┌─ Given information
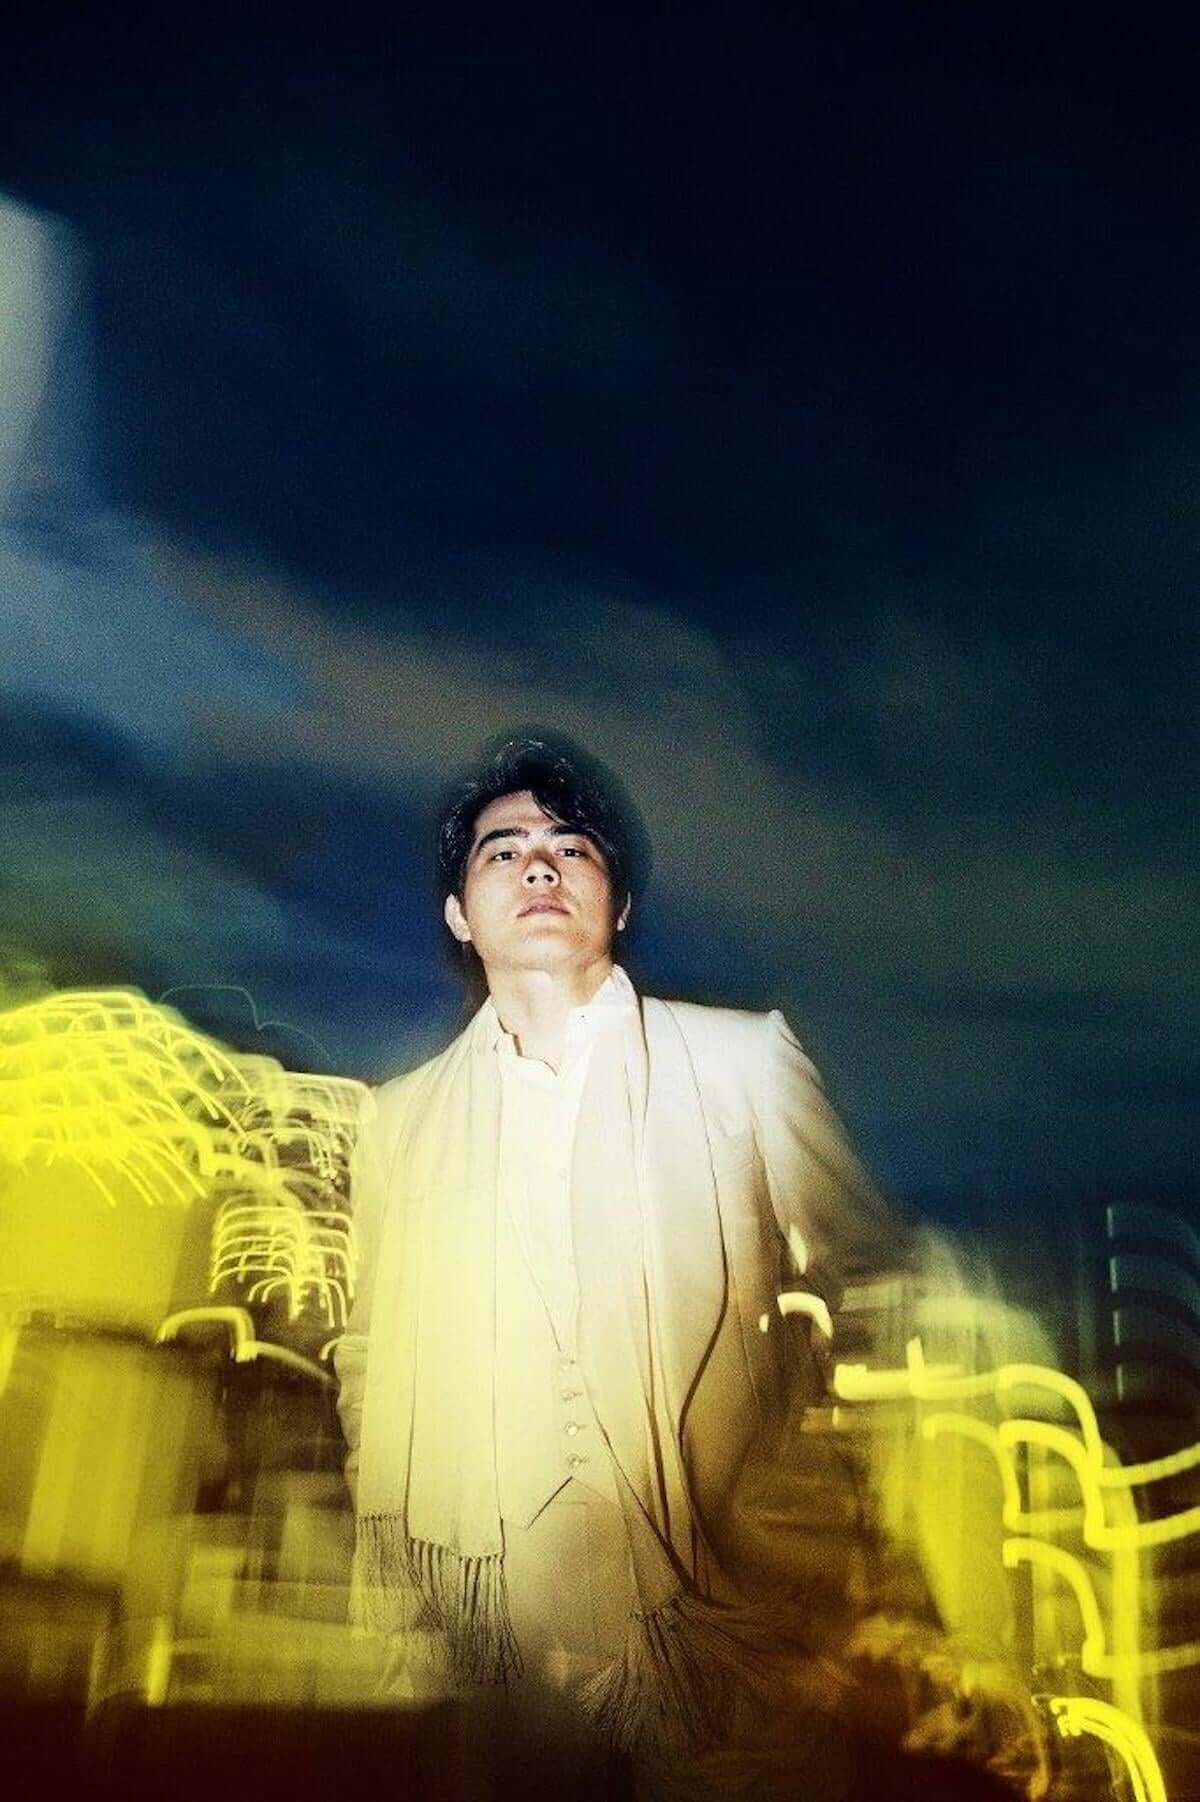 高岩遼、アルバム『10』発売前夜に公開生インタビューの緊急開催が決定|日本人初の「Spotify Listening Party」も music181016-takaiwa-ryo-1-1200x1802
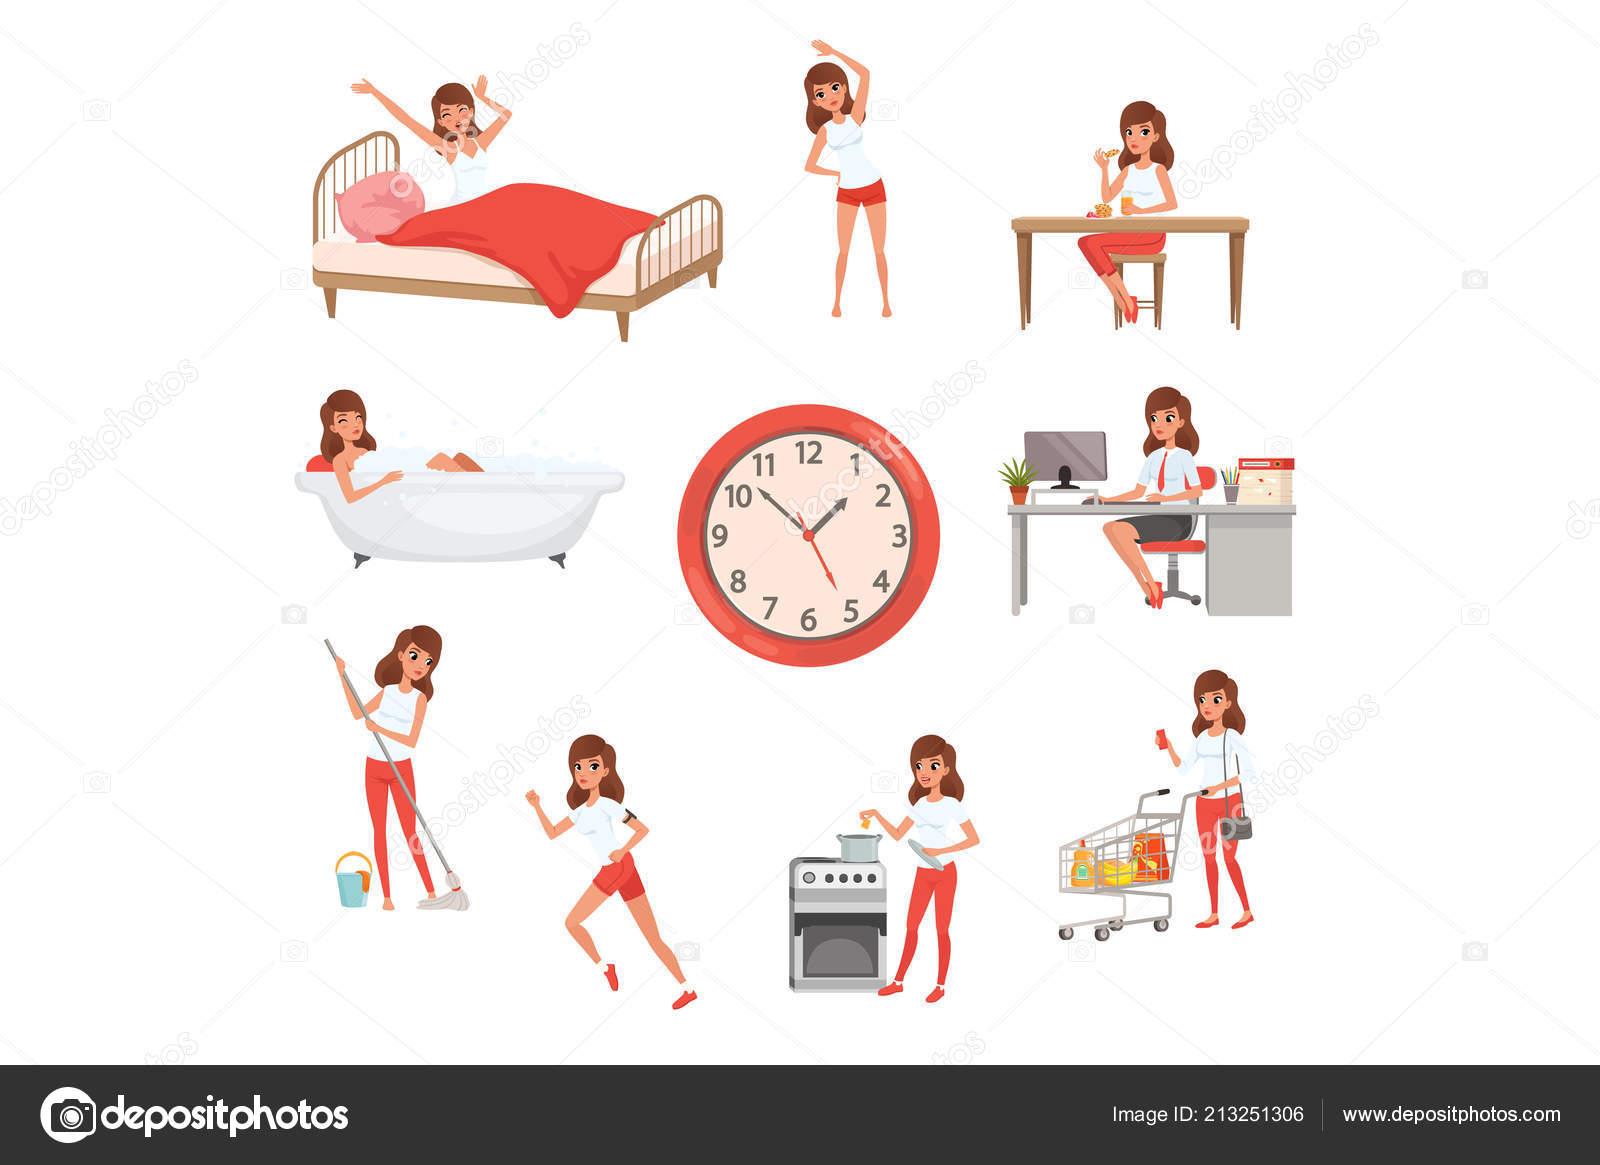 f2505f13495ca Hora do dia. Acordar, fazer exercícios físicos, tomando café da manhã,  tomar banho, trabalhar, limpeza de casa, a cozinhar e fazer compras.
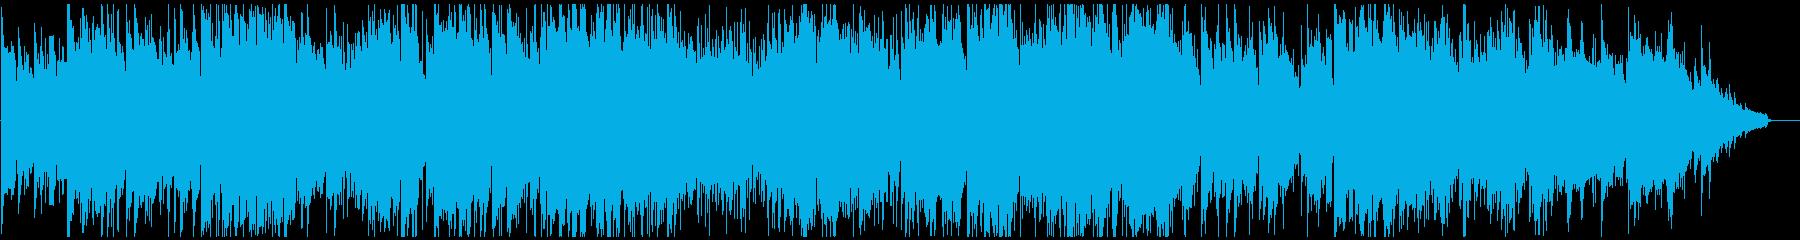 さわやかで幻想的なコンテンポラリージャズの再生済みの波形
└─
What is expected - Return the listing verbatim, pictures omitted.

Output for this exercise -
 高岩遼、アルバム『10』発売前夜に公開生インタビューの緊急開催が決定|日本人初の「Spotify Listening Party」も music181016-takaiwa-ryo-1-1200x1802
 f2505f13495ca Hora do dia. Acordar, fazer exercícios físicos, tomando café da manhã,  tomar banho, trabalhar, limpeza de casa, a cozinhar e fazer compras.
 さわやかで幻想的なコンテンポラリージャズの再生済みの波形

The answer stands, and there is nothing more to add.